We are carrying out research on the psychological effects of debt. Already we have surveyed a large sample of people with problem debts and now, in order to help us to understand the patterns observed in that sample, we need to survey a group of people who do not have problem debts. Our research focuses on the importance of emotions in the experience of debt, and one of its aims is to help debt advisors gain a better understanding of the emotional impact of debt upon their clients. 

The survey in which we are inviting you to participate has three parts. First, you will be asked to answer a short set of questions about your background. Second, you will be asked to think about how you would feel in a number of imaginary scenarios. In the third section we will ask you some questions about how you have felt recently. We estimate that completing the survey will take no more than 15 minutes of your time. 
When considering whether you would like to participate it is important that you know that all information is collected anonymously: because we don’t ask you to provide your name, you cannot be identified by your answers. People’s responses to the survey will only be seen by staff working on the project at Queen’s University Belfast. Should you have any queries about the research, please contact Dr. Aidan Feeney at the School of Psychology by email at a.feeney@qub.ac.uk. 

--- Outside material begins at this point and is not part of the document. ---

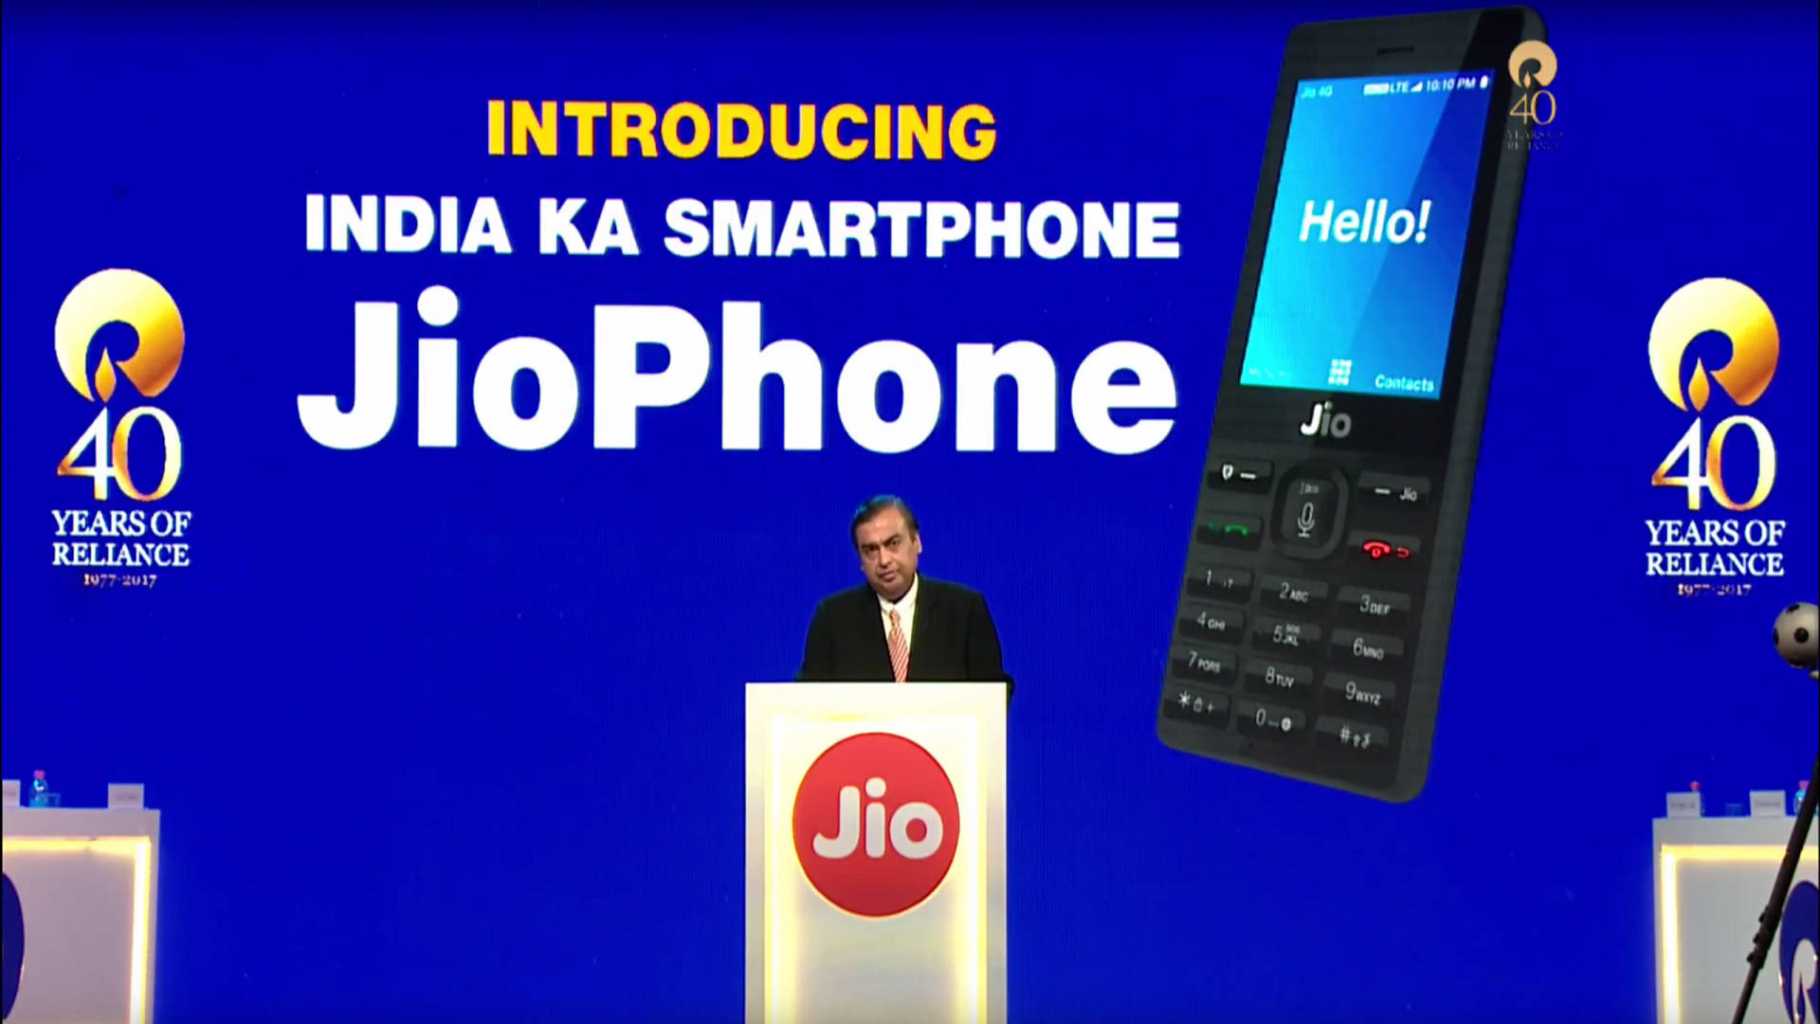 Reliance JioPhone announced with 4G VoLTE and Voice Assistant For an effective price of Rs 0
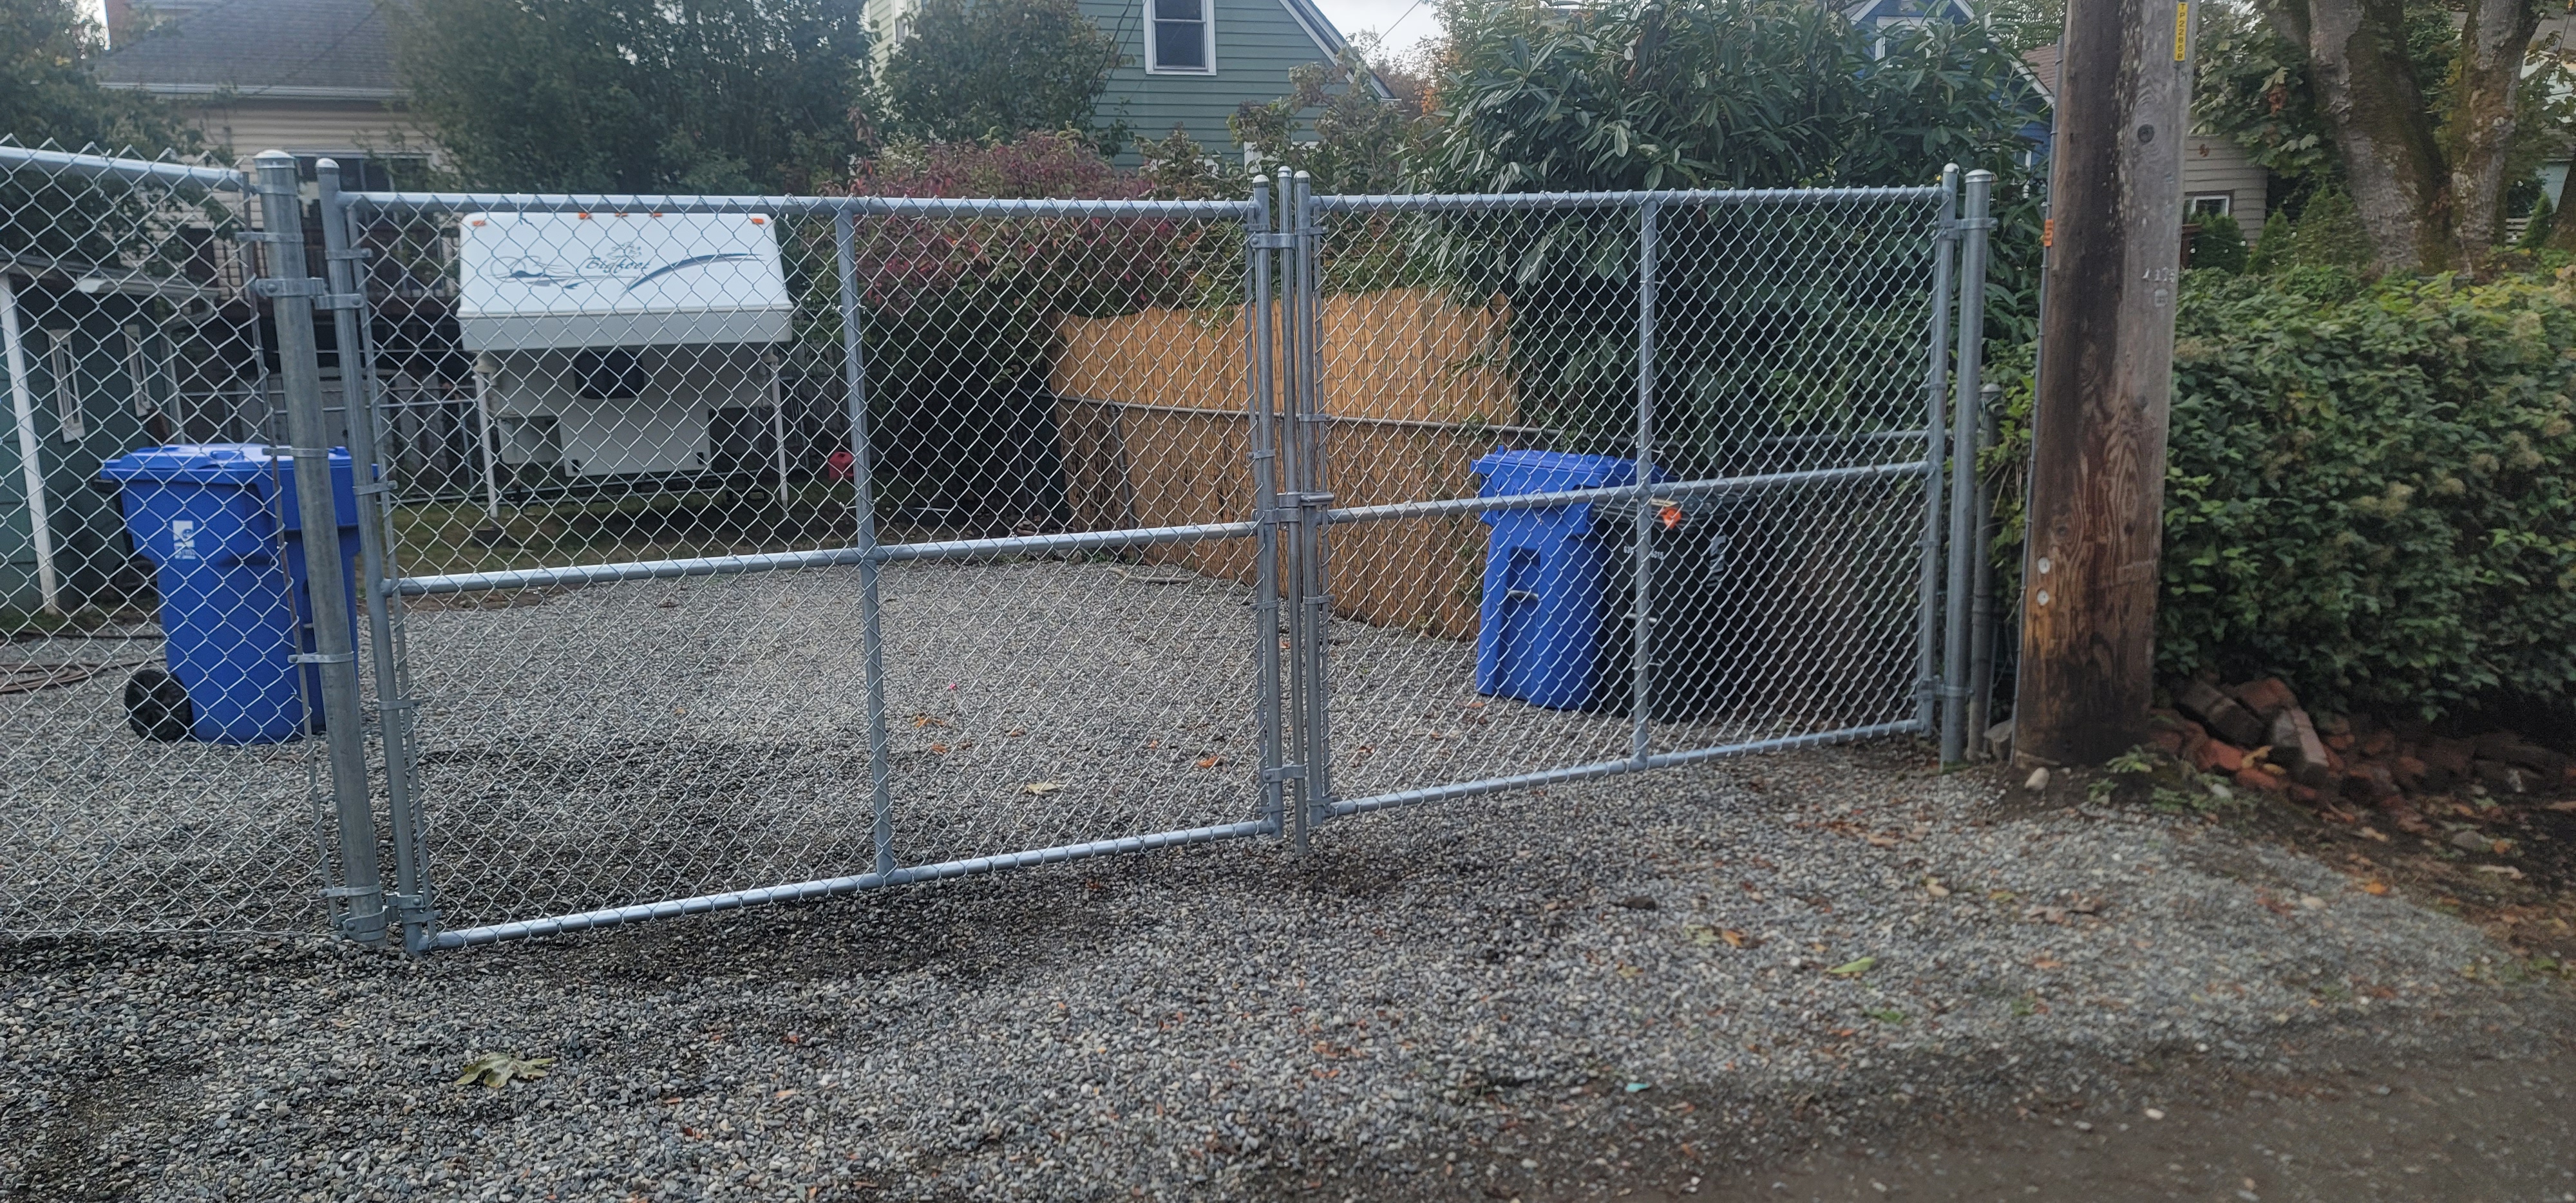 DOUBLE PANEL GALVANIZED CHAIN LINK GATE.

Note that because we are not collecting information about your identity we will not be able to remove your data from the survey. Please also note that ethical approval for this study has been granted by the School of Psychology, Queen’s University Belfast.
Here is the link for the questionnaire:

https://docs.google.com/forms/d/1Dpg7pEv-5z4hJgUZmEiJ-HnFgmSvAJVFch9_KpsOAYs/viewform


----------



## Brendan Burgess (27 Jul 2013)

The mods have given permission for this post.


----------